## What is expected
Your answer must be the full listing below, repeated exactly, with no pictures in it.

## Stored data
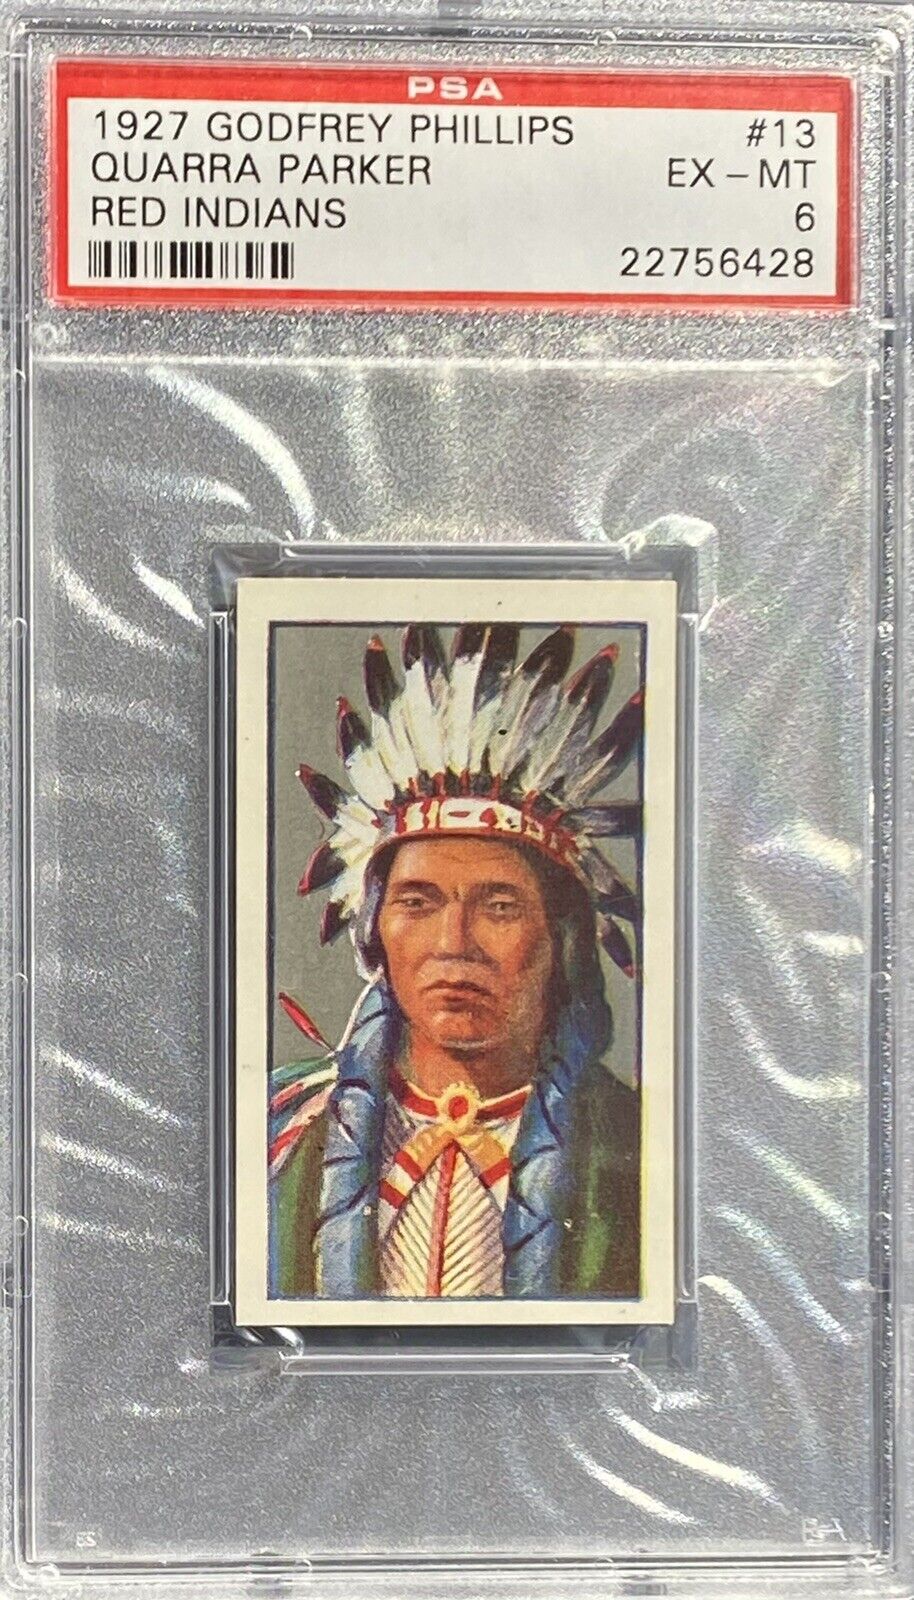 1927 Godfrey Phillips Red Indians #13 QUARRA PARKER - PSA 6 EX-MT
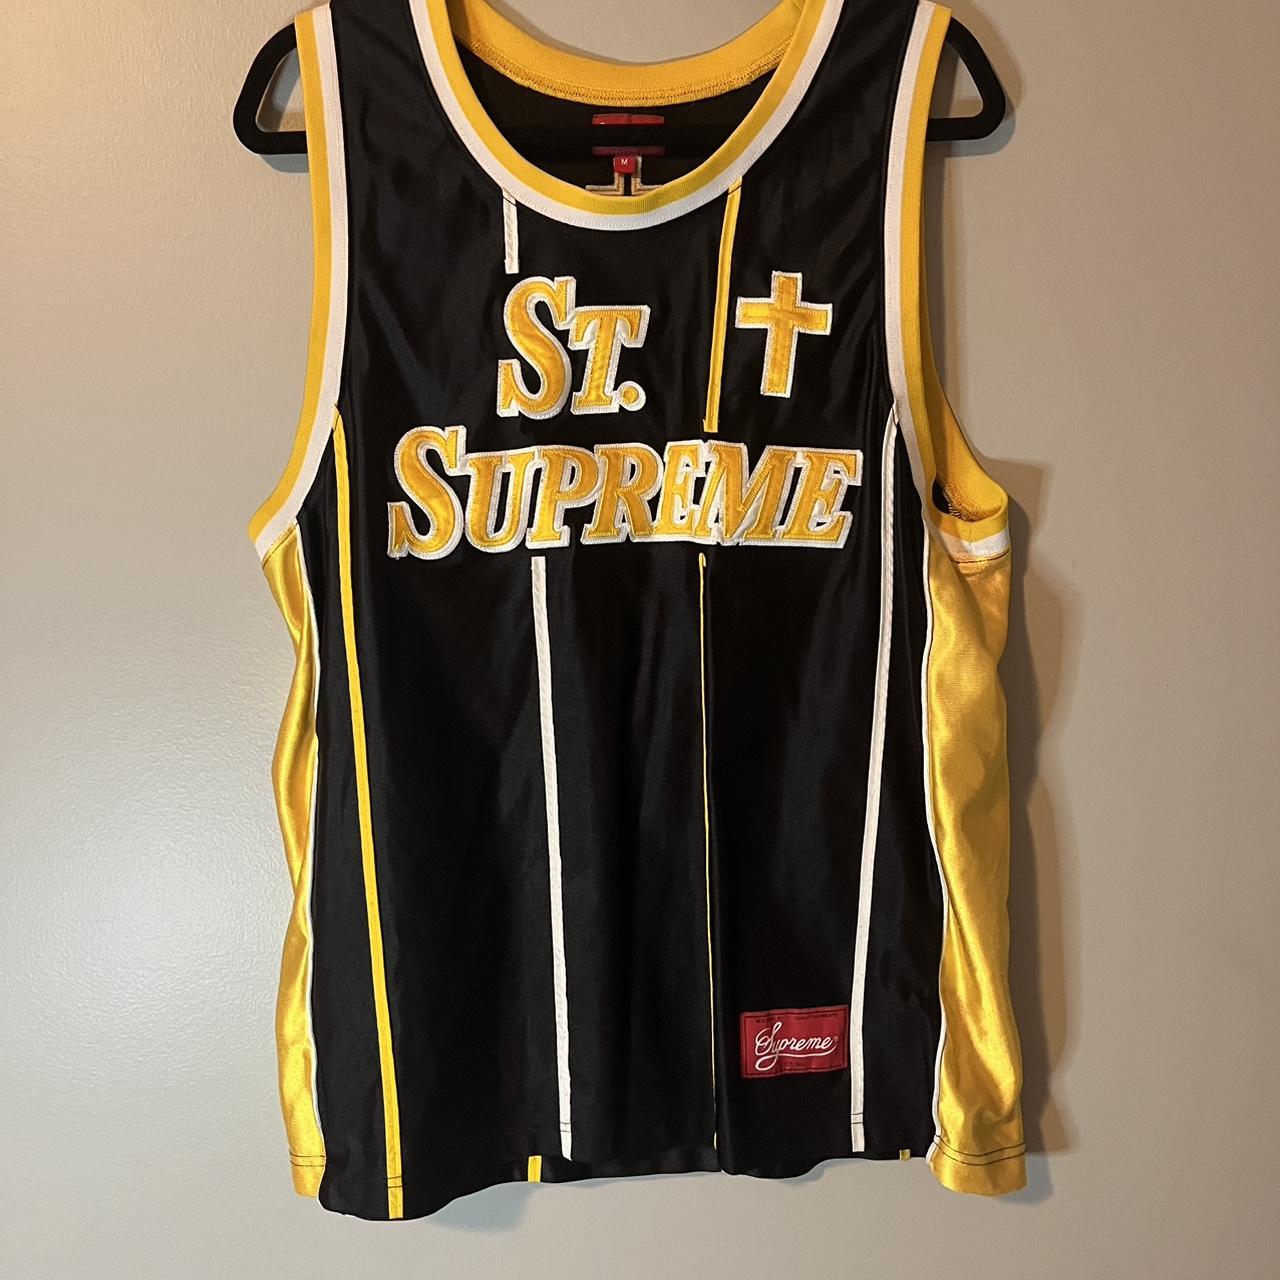 St. Supreme basketball jersey, never worn dead stock - Depop
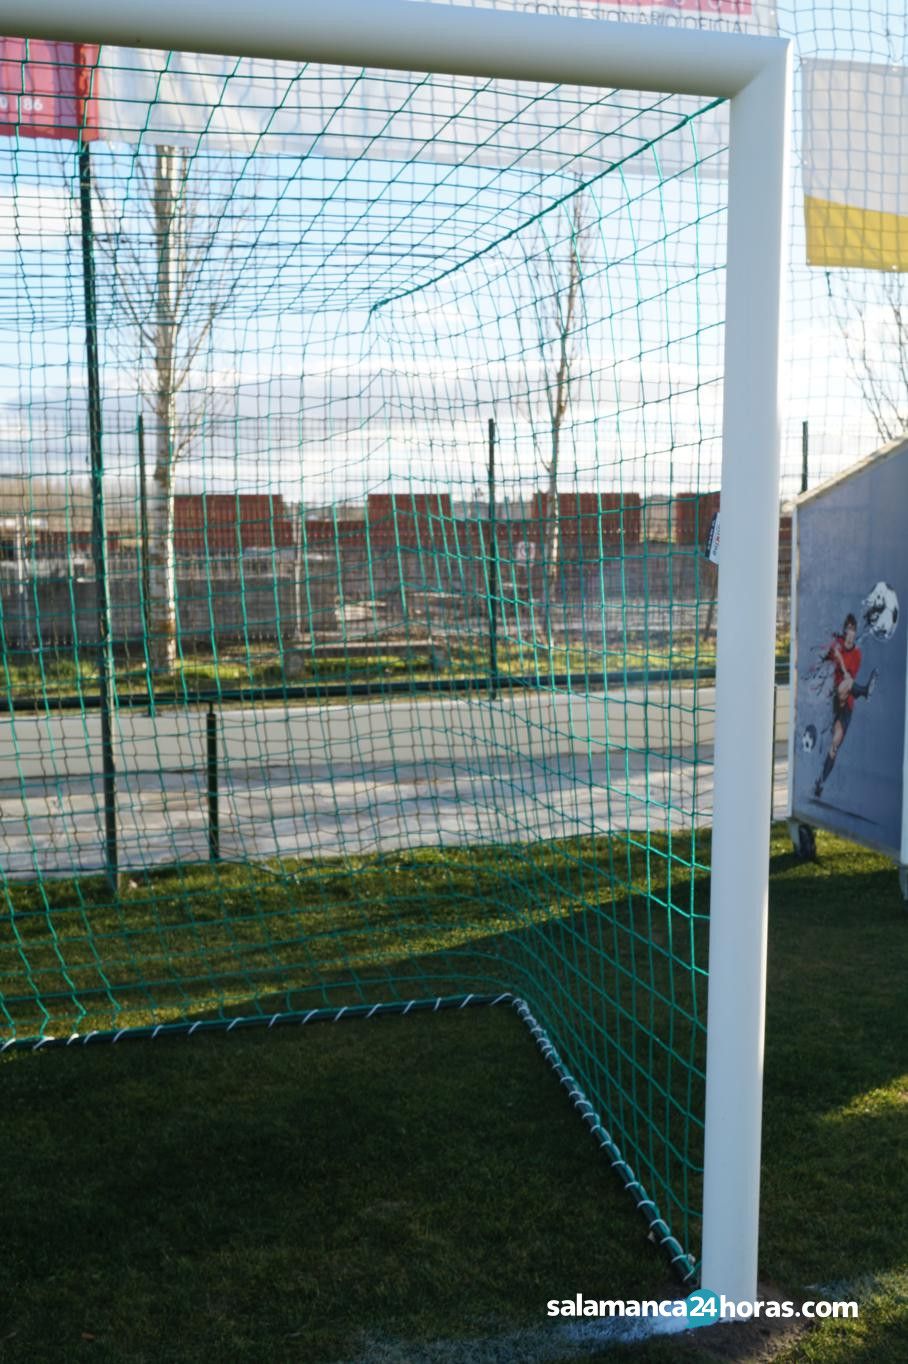  Campo de fútbol Alba de Tormes (16) 
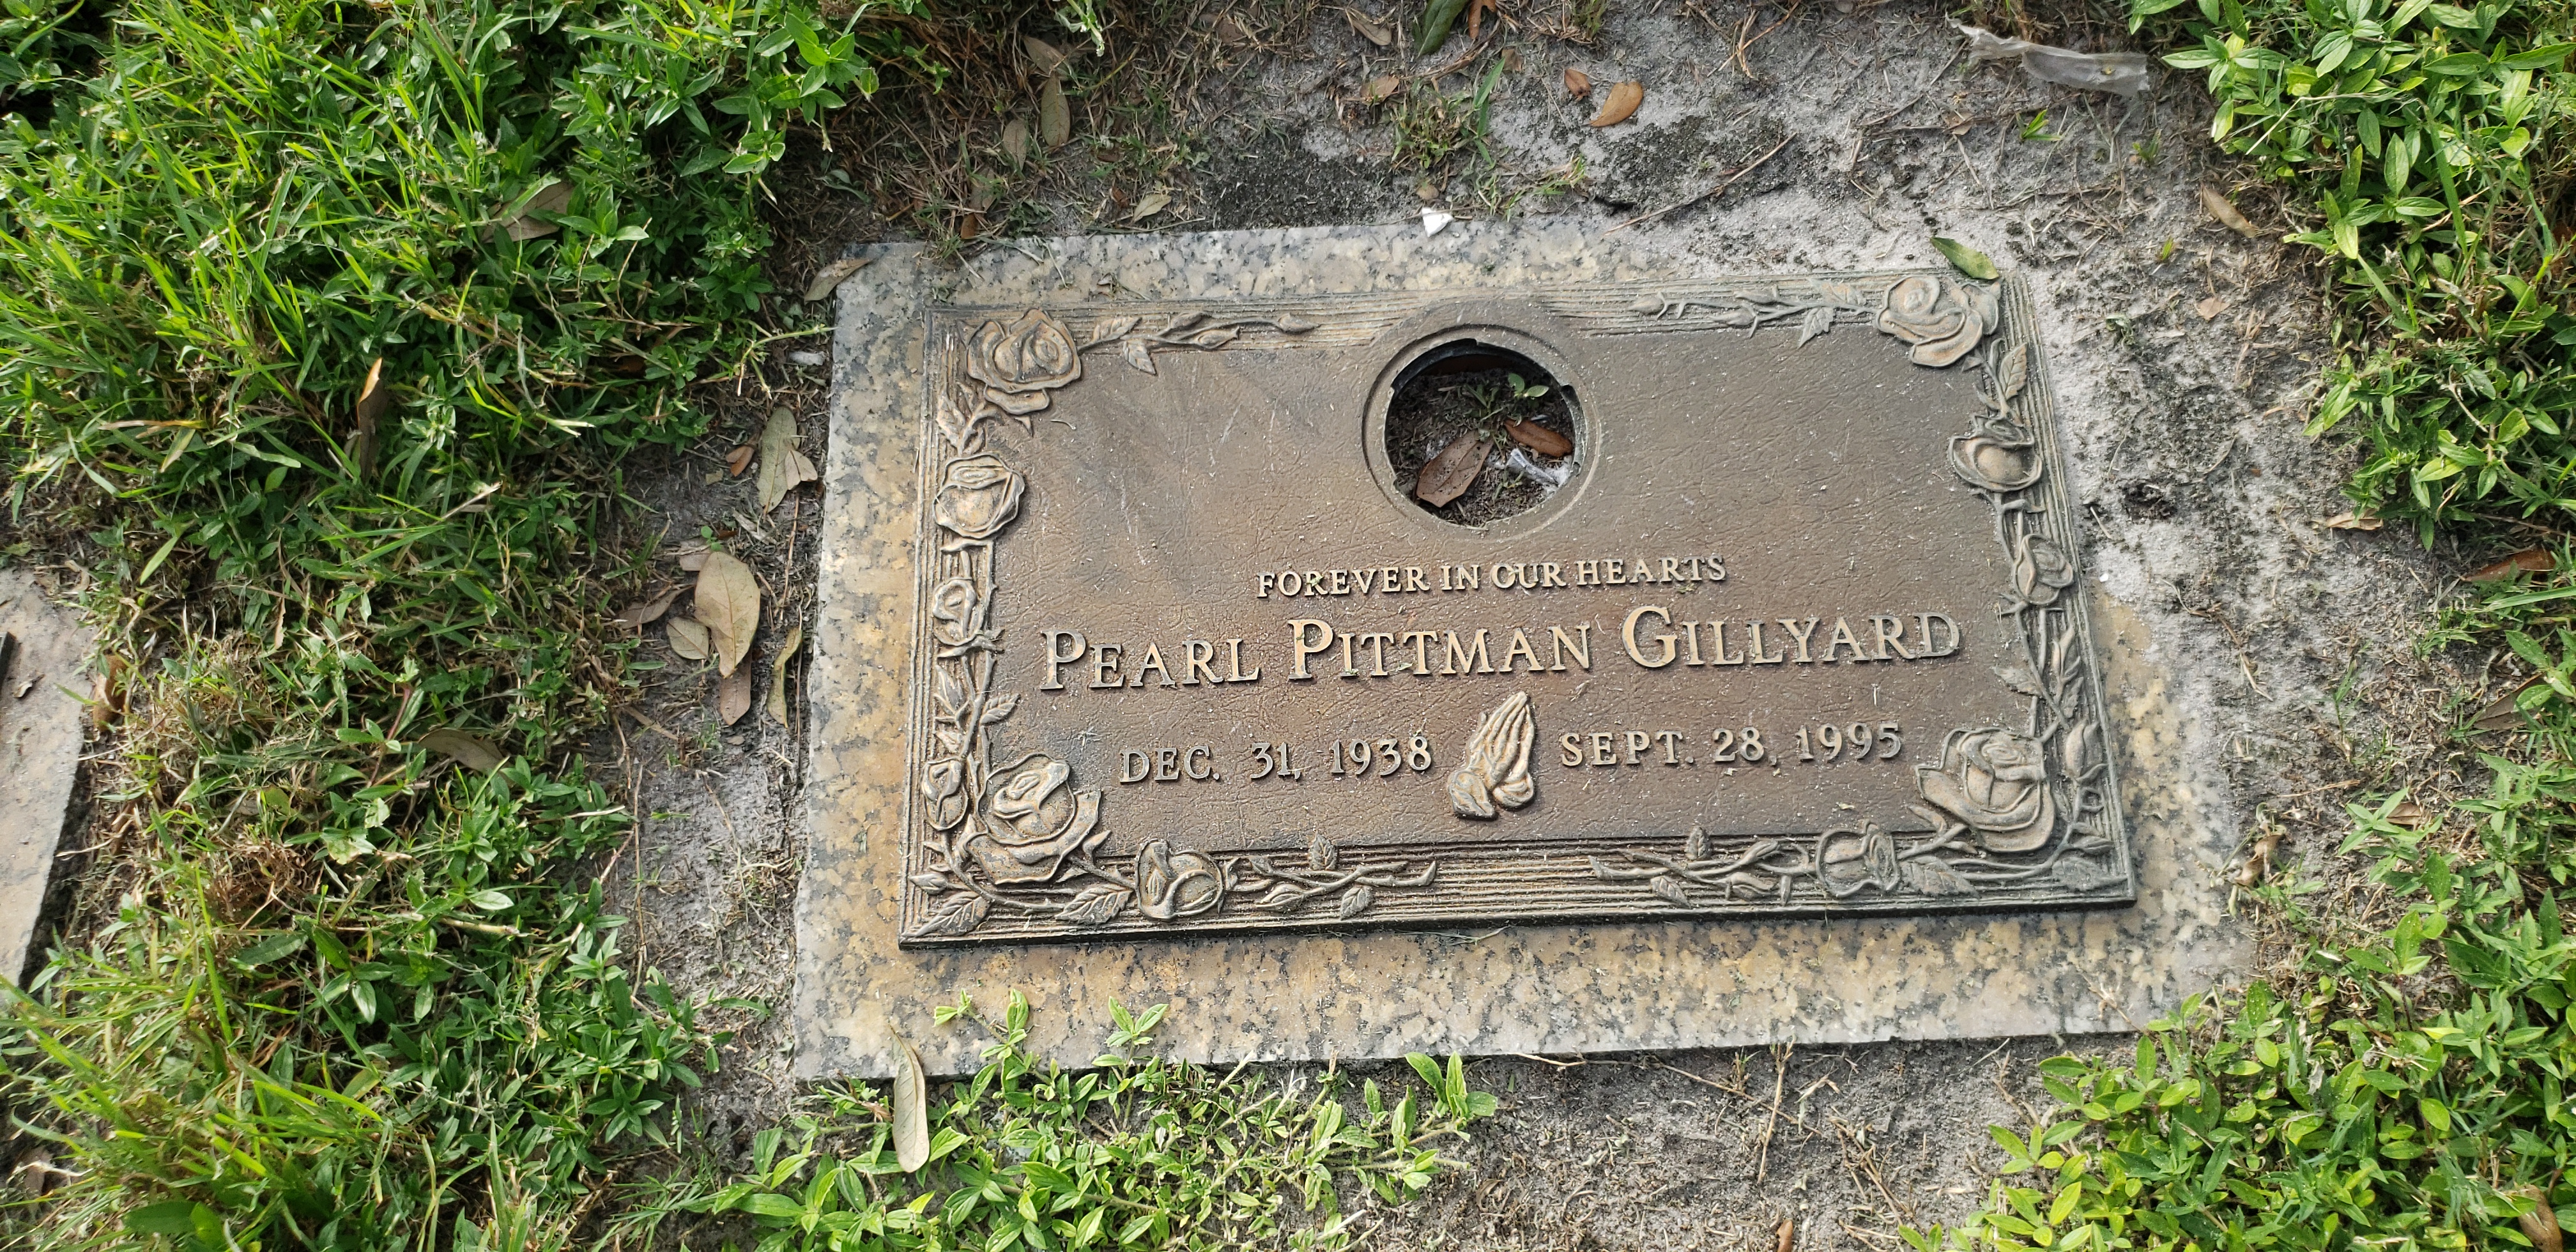 Pearl Pittman Gillyard

## Output of the task
 1927 Godfrey Phillips Red Indians #13 QUARRA PARKER - PSA 6 EX-MT
 St. Supreme basketball jersey, never worn dead stock - Depop
  Campo de fútbol Alba de Tormes (16) 
 Pearl Pittman Gillyard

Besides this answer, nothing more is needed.